An: Deutscher Bundestag

Antisemitismus als Antidiskriminierungsmerkmal im AGG aufnehmen!

Ich fordere den deutschen Bundestag auf, der gestiegenen antisemitischen Bedrohungslage in unserer Gesellschaft, mit einer Ergänzung des Merkmalbezugs "Antisemitismus" im Allgemeinen Gleichbehandlungsgesetz entgegenzutreten, um Jüdinnen_Juden umfänglichen Schutz über unsere Gesetzeslage zu gewährleisten zu können.

Warum ist das wichtig?

Jüdinnen_Juden sehen sich in unserer Gesellschaft mit umfassenden Bedrohungslagen konfrontiert, werden zusehends aus öffentlichen Räumen verdrängt und dort nicht selten psychisch und physisch angegriffen, wie u.a. aktuelle Fallzahlen von RIAS belegen. Die deutsche Zivilgesellschaft reagiert nach Jahren mit zahlreichen Großdemonstrationen auf den Rechtsruck in unserer Gesellschaft.
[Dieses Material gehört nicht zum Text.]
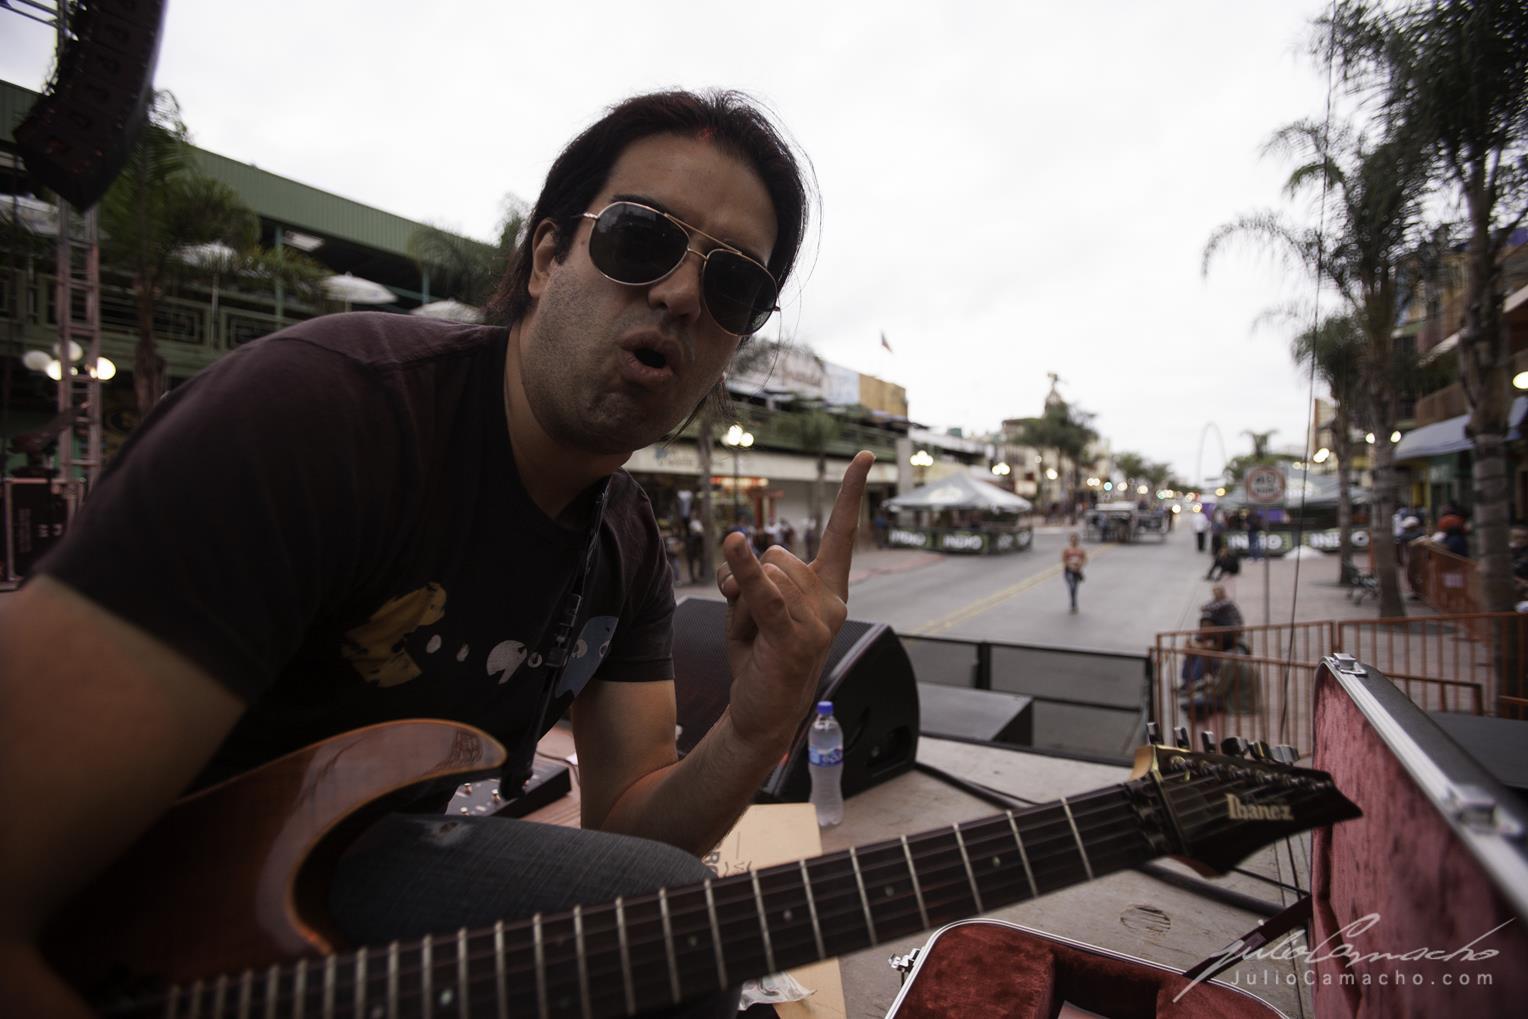 2014-10-30 31 CAST TOUR Ensenada y Tijuana - 1317 - www.Juli (Copy).jpg

Antisemitismus befindet sich aber in allen gesellschaftlichen Milieus und hat eine lange anhaltende Kontinuität in unserer Kultur, welche in der Öffentlichkeit oft noch zu wenig beachtet wird. Weder lässt sich der Antisemitismus unter Rassismus subsumieren und damit unerwähnt bleiben, noch stellt der inzwischen offen zur Schau getragene israelbezogene Antisemitismus eine demokratische Meinungsäußerung dar und auch die antisemitisch motivierte Schuldabwehr ist hierzulande keine unbedeutende Ausnahme.
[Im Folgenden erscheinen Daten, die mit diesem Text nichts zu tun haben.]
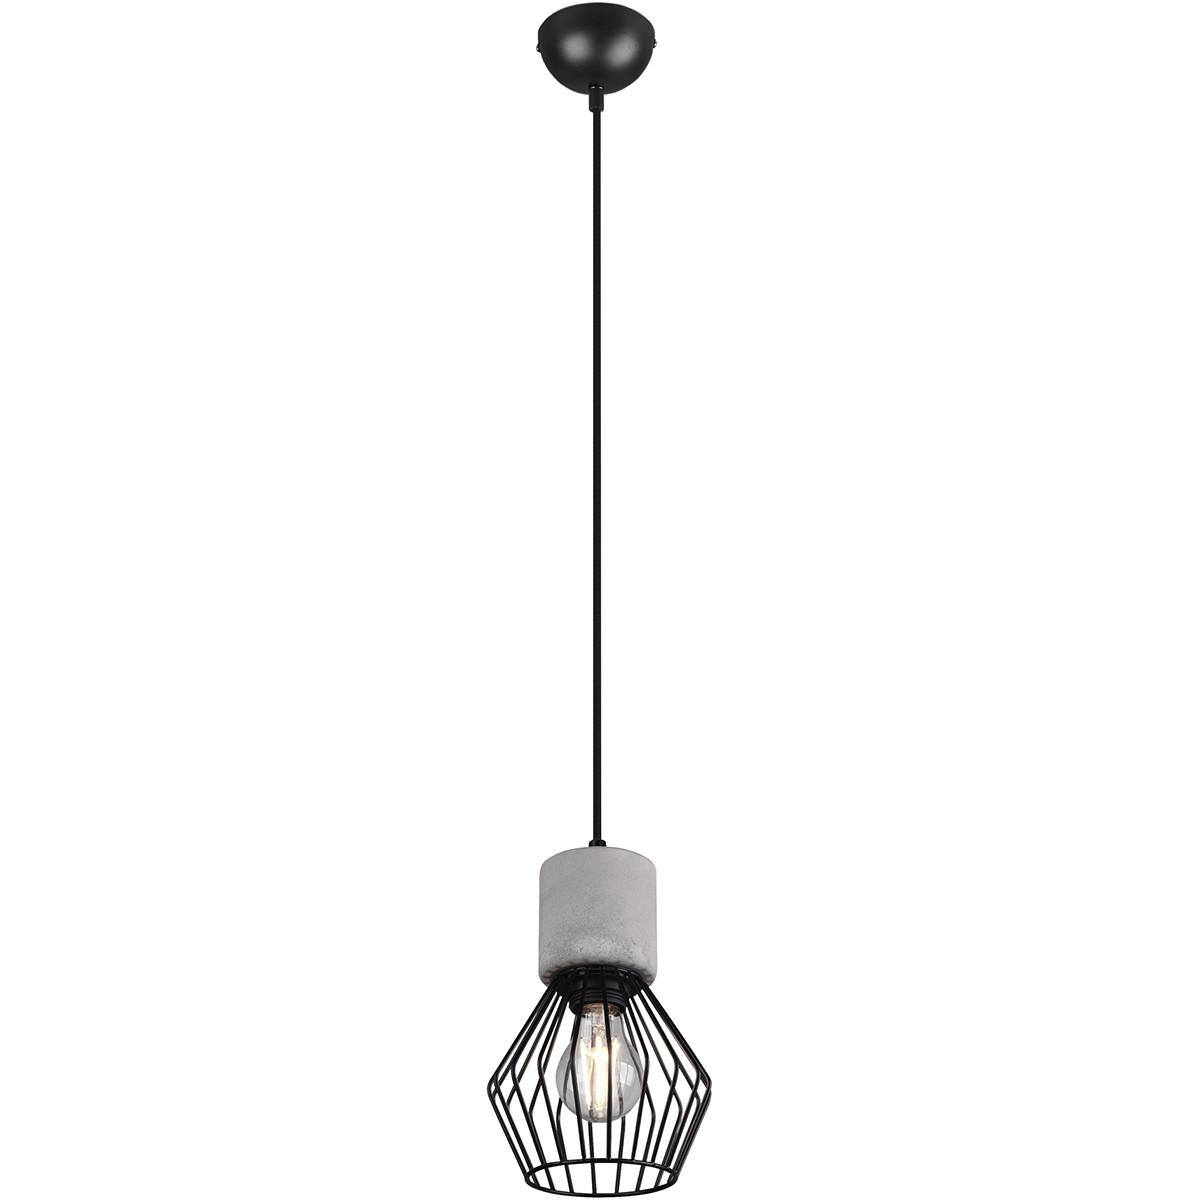 LED Hanglamp - Trion Jamo - E27 Fitting - 1-lichts - Rond - Mat Zwart - Aluminium

Die mediale Öffentlichkeit als auch Zivilgesellschaft lassen es recht häufig an Sensibilität und Kritik in solchen Fragen mangeln und verfügen über unzureichende Kritikfähigkeit und Sensibilität für das antisemitische Ressentiment, wodurch Jüdinnen_Juden von der Solidarität durch die Gemeinschaft nicht selten ausgeschlossen bleiben.
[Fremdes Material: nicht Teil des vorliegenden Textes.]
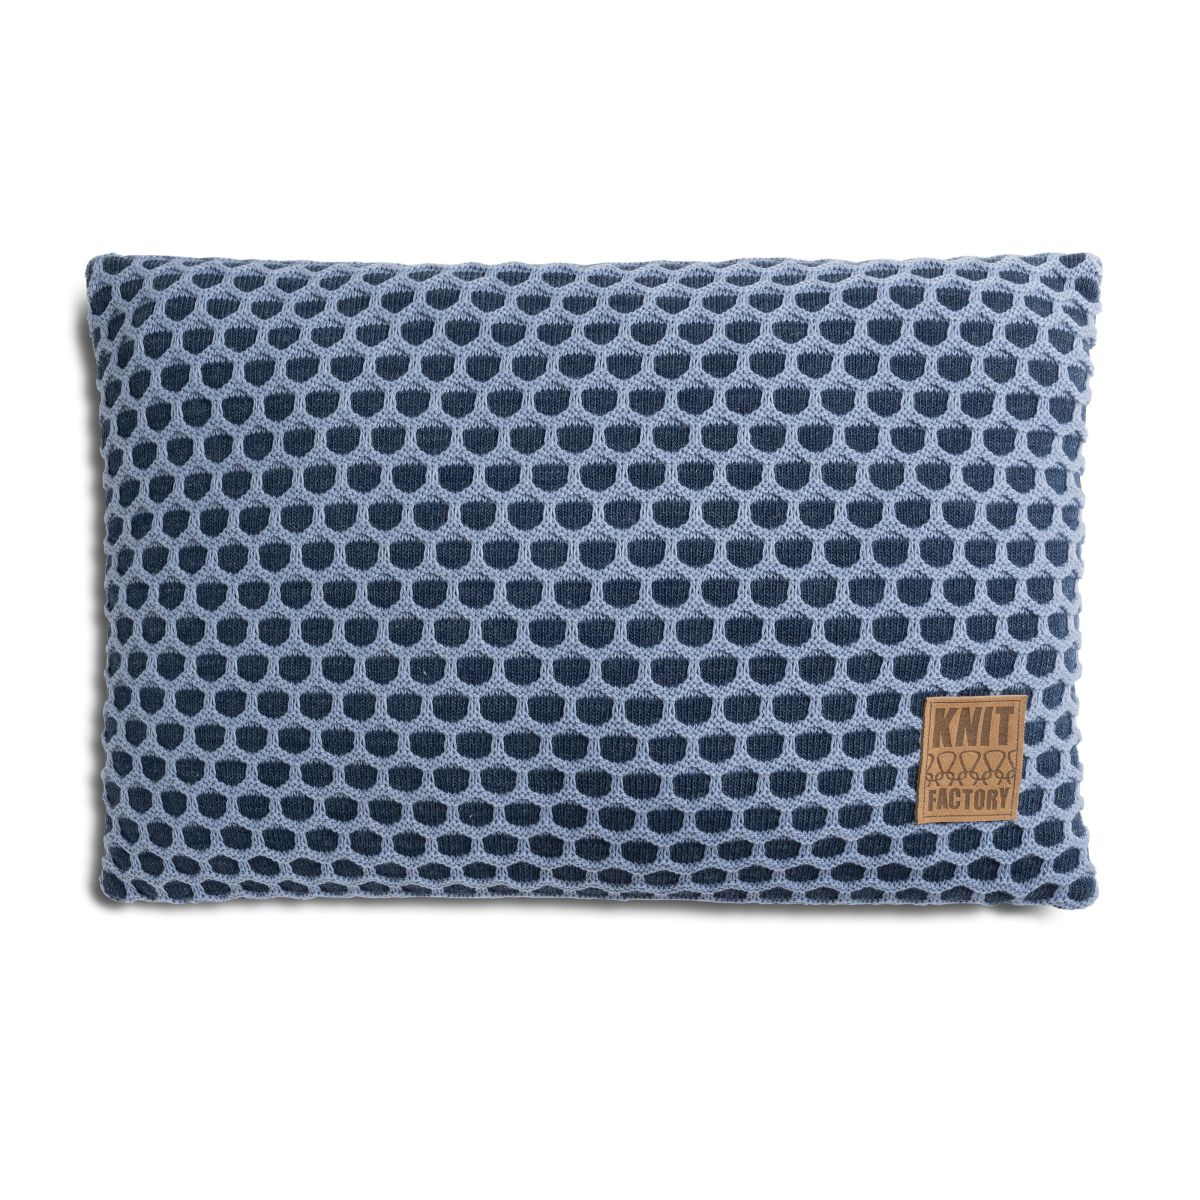 knit factory 1081354 kussen 60x40 mila jeans indigo 1

Diese mangelnde Sensibilisierung spiegelt sich auch im Allgemeinen Gleichbehandlungsgesetz (AGG) wider, welches Bürgerinnen*Bürger vor Diskriminierung schützen soll. Hierbei gibt es eine deutliche Diskrepanz zwischen den gegenwärtigen Formen antisemitischer Alltagserfahrungen und deren Erfassung durch das AGG. Da das AGG als das zentrale Erfassungsinstrument für Diskriminierungserfahrungen im Alltag dient, etwa durch spezialisierte Beratungseinrichtungen, ist diese Tatsache von zentraler Bedeutung, damit Jüdinnen_Juden sich in Deutschland sicher fühlen können.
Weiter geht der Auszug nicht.